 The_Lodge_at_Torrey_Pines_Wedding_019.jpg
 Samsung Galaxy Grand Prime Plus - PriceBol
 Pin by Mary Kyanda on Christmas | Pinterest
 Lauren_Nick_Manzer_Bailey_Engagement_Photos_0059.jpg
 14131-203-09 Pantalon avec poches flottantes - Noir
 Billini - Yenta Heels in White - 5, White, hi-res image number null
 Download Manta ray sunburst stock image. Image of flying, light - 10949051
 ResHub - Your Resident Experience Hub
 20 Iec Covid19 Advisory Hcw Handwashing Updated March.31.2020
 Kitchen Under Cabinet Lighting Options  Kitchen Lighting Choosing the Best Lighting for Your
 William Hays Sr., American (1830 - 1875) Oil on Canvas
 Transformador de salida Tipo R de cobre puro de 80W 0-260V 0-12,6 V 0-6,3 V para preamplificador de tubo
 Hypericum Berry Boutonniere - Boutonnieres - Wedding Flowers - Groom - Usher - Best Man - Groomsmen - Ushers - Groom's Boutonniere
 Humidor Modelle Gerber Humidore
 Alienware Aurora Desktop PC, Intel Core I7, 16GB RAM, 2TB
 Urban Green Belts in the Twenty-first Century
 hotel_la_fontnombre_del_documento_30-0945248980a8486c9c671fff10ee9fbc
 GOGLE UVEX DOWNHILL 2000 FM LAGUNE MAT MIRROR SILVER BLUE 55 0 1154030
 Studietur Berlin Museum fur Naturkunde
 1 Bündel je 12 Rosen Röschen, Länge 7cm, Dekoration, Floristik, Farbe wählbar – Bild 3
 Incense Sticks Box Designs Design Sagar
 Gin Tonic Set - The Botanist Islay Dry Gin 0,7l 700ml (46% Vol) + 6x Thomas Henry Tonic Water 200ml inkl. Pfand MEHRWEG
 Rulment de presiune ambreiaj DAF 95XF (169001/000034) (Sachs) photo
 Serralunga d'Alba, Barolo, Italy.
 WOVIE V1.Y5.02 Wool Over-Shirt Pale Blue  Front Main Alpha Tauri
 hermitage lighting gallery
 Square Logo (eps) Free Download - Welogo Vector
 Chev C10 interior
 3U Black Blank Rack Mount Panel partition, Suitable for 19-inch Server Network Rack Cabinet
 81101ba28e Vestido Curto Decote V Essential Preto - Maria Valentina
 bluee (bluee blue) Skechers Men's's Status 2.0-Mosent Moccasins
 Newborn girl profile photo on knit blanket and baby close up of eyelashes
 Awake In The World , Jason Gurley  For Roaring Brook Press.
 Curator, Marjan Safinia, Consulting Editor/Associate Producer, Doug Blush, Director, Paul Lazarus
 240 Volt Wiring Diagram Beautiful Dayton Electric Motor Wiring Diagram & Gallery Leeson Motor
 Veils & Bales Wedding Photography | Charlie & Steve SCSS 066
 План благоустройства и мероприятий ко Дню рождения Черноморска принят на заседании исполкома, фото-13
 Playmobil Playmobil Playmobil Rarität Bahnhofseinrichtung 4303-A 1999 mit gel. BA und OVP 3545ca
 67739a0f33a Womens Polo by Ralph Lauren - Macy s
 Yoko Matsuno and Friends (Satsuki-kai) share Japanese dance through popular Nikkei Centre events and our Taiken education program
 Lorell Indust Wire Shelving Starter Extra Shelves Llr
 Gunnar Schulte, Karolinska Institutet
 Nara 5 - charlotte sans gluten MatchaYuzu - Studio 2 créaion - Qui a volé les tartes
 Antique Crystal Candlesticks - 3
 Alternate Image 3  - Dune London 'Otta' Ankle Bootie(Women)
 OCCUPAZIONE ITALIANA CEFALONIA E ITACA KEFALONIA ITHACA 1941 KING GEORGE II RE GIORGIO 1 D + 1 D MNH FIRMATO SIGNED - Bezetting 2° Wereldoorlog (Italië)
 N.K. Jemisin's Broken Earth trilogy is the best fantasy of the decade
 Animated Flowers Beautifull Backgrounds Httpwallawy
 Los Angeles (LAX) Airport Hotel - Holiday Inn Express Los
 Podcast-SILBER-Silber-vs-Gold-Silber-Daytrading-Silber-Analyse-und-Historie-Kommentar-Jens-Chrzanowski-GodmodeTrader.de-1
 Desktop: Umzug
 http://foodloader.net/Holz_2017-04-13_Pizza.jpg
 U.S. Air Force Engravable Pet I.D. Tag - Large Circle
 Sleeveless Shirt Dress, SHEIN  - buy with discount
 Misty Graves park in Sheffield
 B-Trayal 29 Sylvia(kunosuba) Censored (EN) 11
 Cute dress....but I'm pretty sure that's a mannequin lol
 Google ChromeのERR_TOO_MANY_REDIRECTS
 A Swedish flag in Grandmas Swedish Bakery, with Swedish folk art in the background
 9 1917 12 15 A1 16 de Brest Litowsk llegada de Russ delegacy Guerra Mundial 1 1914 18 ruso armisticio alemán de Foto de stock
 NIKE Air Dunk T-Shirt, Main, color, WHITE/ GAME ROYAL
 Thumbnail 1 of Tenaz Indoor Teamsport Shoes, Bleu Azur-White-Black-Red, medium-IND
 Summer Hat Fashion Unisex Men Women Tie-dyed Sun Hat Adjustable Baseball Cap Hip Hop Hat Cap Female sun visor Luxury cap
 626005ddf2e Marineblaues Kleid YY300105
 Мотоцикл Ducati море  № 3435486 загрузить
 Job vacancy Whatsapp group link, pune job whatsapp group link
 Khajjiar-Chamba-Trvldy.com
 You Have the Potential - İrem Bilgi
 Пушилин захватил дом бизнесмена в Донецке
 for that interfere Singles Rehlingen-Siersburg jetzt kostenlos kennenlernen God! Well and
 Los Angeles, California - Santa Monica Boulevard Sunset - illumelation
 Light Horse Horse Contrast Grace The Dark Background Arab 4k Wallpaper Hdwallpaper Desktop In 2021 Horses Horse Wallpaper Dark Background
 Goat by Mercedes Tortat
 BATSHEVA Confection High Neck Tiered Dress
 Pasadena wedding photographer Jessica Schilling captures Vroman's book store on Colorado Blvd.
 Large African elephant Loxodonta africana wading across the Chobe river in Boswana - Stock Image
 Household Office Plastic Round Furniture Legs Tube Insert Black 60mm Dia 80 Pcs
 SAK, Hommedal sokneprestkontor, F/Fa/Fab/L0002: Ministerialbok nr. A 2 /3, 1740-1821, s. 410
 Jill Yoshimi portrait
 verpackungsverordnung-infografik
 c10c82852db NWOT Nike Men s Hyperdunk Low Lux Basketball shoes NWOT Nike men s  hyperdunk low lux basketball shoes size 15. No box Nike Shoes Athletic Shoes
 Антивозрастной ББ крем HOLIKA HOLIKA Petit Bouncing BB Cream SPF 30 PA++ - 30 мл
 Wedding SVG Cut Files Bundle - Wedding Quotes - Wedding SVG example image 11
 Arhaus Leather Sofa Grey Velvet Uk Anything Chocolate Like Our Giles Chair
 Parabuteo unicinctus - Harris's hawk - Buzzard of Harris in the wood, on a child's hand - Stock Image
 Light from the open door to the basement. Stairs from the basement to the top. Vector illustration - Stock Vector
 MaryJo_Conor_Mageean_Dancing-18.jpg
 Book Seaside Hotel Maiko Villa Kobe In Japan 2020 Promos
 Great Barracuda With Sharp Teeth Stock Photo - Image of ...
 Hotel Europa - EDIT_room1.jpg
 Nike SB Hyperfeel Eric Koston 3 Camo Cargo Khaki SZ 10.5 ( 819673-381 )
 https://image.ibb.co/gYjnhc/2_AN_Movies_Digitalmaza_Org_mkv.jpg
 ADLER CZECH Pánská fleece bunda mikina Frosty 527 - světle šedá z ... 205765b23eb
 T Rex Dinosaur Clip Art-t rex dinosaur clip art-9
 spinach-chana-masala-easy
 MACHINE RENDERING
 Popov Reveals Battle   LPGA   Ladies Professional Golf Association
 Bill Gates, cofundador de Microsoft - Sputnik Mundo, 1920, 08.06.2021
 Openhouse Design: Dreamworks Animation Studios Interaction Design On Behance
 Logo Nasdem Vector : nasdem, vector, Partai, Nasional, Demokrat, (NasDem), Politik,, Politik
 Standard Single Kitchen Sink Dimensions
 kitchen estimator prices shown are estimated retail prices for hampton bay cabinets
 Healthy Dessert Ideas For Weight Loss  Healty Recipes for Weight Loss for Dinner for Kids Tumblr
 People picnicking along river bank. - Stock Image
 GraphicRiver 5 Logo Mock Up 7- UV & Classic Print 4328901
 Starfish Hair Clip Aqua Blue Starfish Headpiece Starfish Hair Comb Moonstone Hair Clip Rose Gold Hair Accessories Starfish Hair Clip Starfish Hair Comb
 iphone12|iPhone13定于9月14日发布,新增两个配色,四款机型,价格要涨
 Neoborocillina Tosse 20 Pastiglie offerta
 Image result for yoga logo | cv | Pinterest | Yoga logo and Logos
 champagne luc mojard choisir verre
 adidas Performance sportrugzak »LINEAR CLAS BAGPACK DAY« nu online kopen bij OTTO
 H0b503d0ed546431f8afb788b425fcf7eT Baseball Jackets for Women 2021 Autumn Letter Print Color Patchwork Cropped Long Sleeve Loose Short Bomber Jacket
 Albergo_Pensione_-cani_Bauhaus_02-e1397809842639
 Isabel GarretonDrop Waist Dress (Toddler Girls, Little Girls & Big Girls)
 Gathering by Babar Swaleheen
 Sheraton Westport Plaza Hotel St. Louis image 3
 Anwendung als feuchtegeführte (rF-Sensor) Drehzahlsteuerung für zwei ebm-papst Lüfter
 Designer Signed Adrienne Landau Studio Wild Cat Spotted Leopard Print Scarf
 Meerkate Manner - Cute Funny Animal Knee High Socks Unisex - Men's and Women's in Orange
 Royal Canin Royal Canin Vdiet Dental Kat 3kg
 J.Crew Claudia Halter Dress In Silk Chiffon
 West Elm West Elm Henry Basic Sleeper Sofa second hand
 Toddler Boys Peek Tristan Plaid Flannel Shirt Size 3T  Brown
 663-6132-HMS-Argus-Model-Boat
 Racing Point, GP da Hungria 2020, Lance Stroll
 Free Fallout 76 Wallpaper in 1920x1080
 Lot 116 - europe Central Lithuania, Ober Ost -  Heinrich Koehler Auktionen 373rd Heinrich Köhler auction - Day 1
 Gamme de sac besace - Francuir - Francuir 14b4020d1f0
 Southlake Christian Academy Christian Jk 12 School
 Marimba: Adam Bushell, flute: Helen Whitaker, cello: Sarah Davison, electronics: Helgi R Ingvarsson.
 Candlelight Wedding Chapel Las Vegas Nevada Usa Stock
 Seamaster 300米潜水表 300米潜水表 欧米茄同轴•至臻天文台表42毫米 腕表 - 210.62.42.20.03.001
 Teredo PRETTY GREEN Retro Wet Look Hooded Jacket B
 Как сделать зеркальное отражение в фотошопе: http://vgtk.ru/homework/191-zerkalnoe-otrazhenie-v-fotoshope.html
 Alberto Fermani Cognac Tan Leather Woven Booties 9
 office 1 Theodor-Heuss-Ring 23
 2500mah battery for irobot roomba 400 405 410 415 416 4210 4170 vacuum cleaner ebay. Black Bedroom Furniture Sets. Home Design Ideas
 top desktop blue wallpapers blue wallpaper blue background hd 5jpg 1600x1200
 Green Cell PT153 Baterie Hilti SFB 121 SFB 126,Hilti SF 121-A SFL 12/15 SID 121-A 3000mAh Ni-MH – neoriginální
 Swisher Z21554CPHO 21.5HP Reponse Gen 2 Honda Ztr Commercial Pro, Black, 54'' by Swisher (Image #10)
==========
Write the lines out again exactly, from the one containing "office 1 Theodor-Heuss-Ring 23" through the last line of the records, and include no other lines.

 office 1 Theodor-Heuss-Ring 23
 2500mah battery for irobot roomba 400 405 410 415 416 4210 4170 vacuum cleaner ebay. Black Bedroom Furniture Sets. Home Design Ideas
 top desktop blue wallpapers blue wallpaper blue background hd 5jpg 1600x1200
 Green Cell PT153 Baterie Hilti SFB 121 SFB 126,Hilti SF 121-A SFL 12/15 SID 121-A 3000mAh Ni-MH – neoriginální
 Swisher Z21554CPHO 21.5HP Reponse Gen 2 Honda Ztr Commercial Pro, Black, 54'' by Swisher (Image #10)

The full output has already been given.